Oh there is a reason I keep moving jobs that's for sure....but I keep on getting them...when you got it you got it...
 
Wounds are insanely profitable on a RVU system.
I dont feel like Im taking patients for a "RVU ride" either.
If they need the great whack I tell them.
I can salvage a lot as long as not severe PAD or they wait too long where the whack is the only treatment option.
The whack lol

I call it the big chop
 
I have a recalcitrant sub styloid process ulcer. Thoughts on surgical correction? AT open z-lengthening? SPLATT? Any magical percutaneous approach I don't know about?

Thnx y'all.
 
I have a recalcitrant sub styloid process ulcer. Thoughts on surgical correction? AT open z-lengthening? SPLATT? Any magical percutaneous approach I don't know about?

Thnx y'all.
Hard to say without an exam. I assume cavus foot?
1st met driven cavus?
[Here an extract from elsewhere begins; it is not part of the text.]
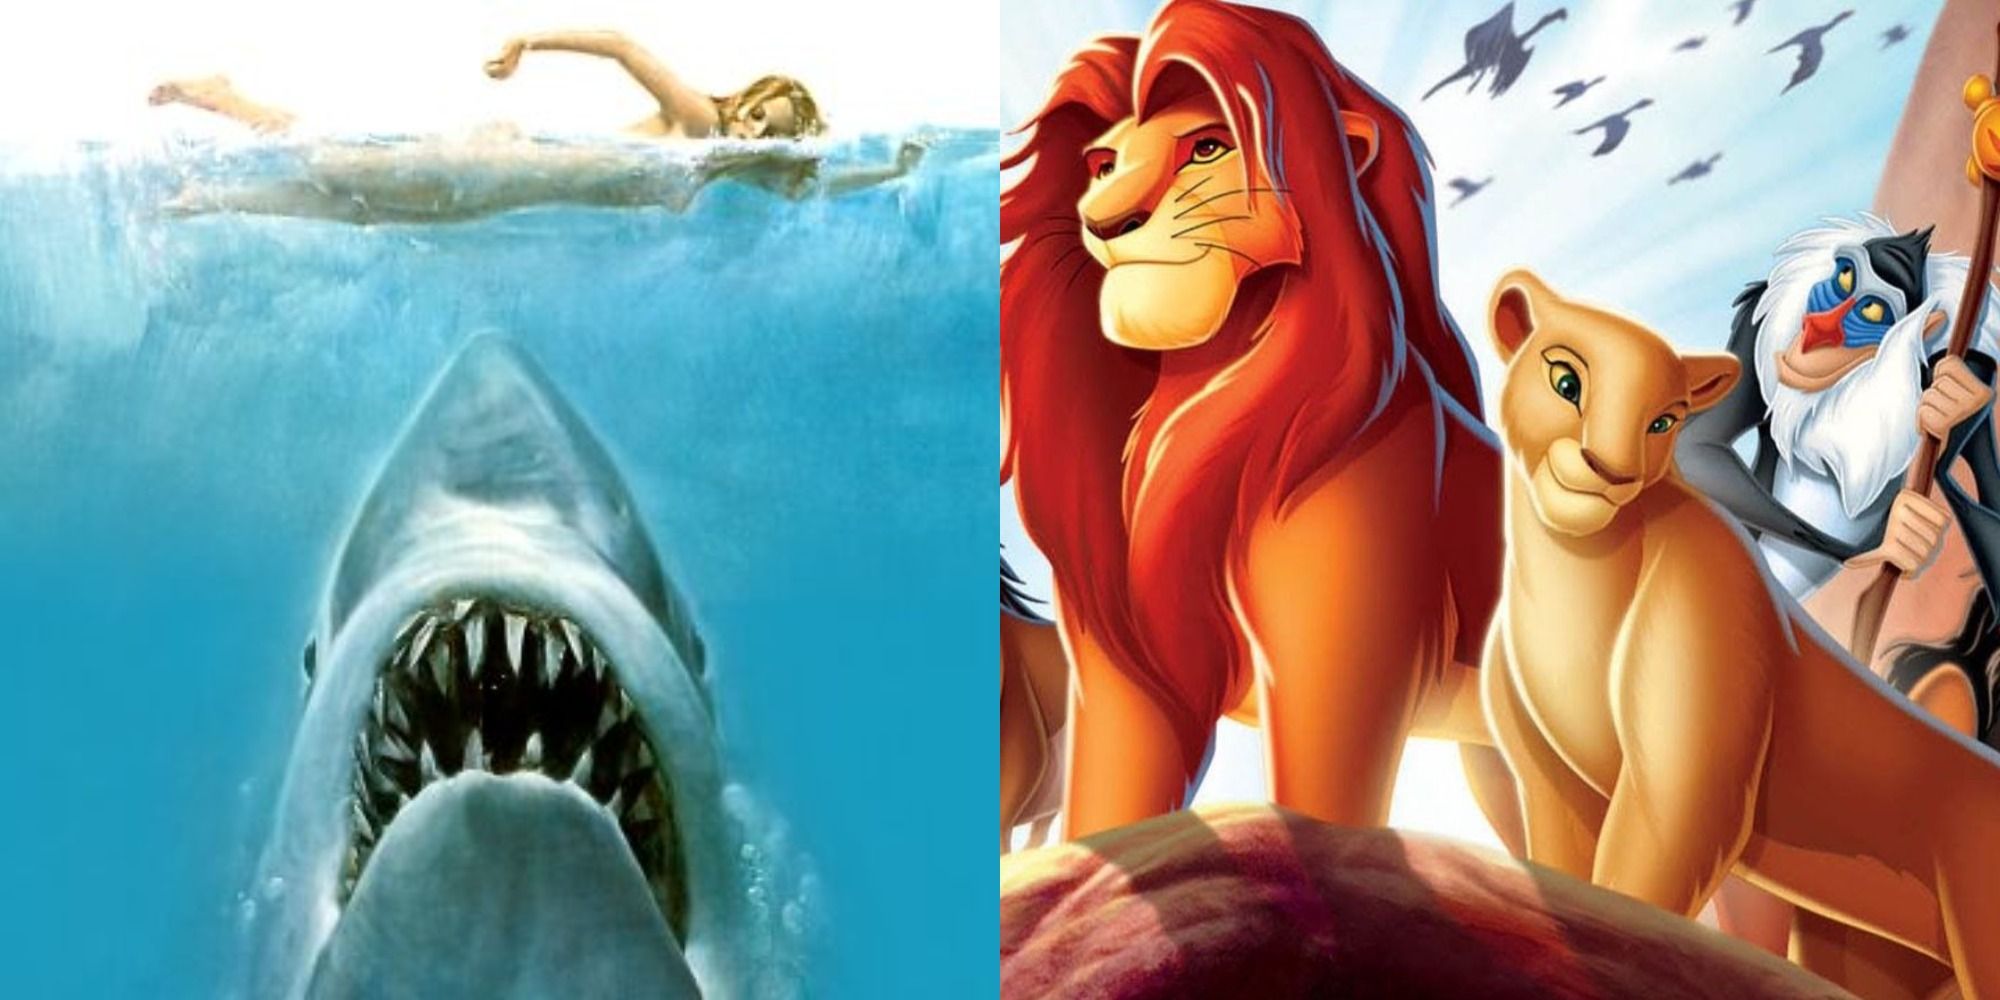 Split image showing posters for Jaws and the animated The Lion King

Elevate 1st met
Flexible? Try STATT or anterior tibial tendon lengthening if contracted. Lateral calc slide if varus rearfoot (TCC/heal first for this)
PT tendon tends to favor rearfoot but if contracted might want to lengthen PT tendon.
Non flexible? TCC until healed then do a lateral slide with adjunct cavus procedures
Poor eversion strength/loss of brevis? Transfer FHL to brevis or anchor to 5th met base/cuboid. Or rearfoot fusion procedures.
Excising the 5th met base and transferring brevis to cuboid w a biotenodesis anchor works well for community ambulators.
Charcot? forget it recons dont work.
 
I have a recalcitrant sub styloid process ulcer. Thoughts on surgical correction? AT open z-lengthening? SPLATT? Any magical percutaneous approach I don't know about?

Thnx y'all.
Dwyer + gastroc... if abpm ppl know of that stuff? 🙂

As said, cavus is pretty complicated... lot of moving parts and variables.
Wound surg - or DME - also depends if osteomyelitis and level of activity and ambu demands, obviously.
 
Dwyer + gastroc... if abpm ppl know of that stuff? 🙂

As said, cavus is pretty complicated... lot of moving parts and variables.
Wound surg - or DME - also depends if osteo and ambu demands, obviously.
We do lol

Gastrocs are a really versatile procedure. I honestly see a lot of people who'd benefit from one
 
Forgot to mention he's in his 80s with few comorbidities.... i'll prob stick to some soft tissue procedure like TA lengthening or SPLATT. Thanks fellas!
 
Gastrocs and cavus make me fearful of worsening the deformity.
 
Forgot to mention he's in his 80s with few comorbidities.... i'll prob stick to some soft tissue procedure like TA lengthening or SPLATT. Thanks fellas!

I did one a year ago where I did a z lengthening of AT and planed the plantar surface of the 5th met base, healed right up. Just make sure you expose enough tendon to do an aggressive lengthening. If you don’t that proximal stump will retract and you will be screwed.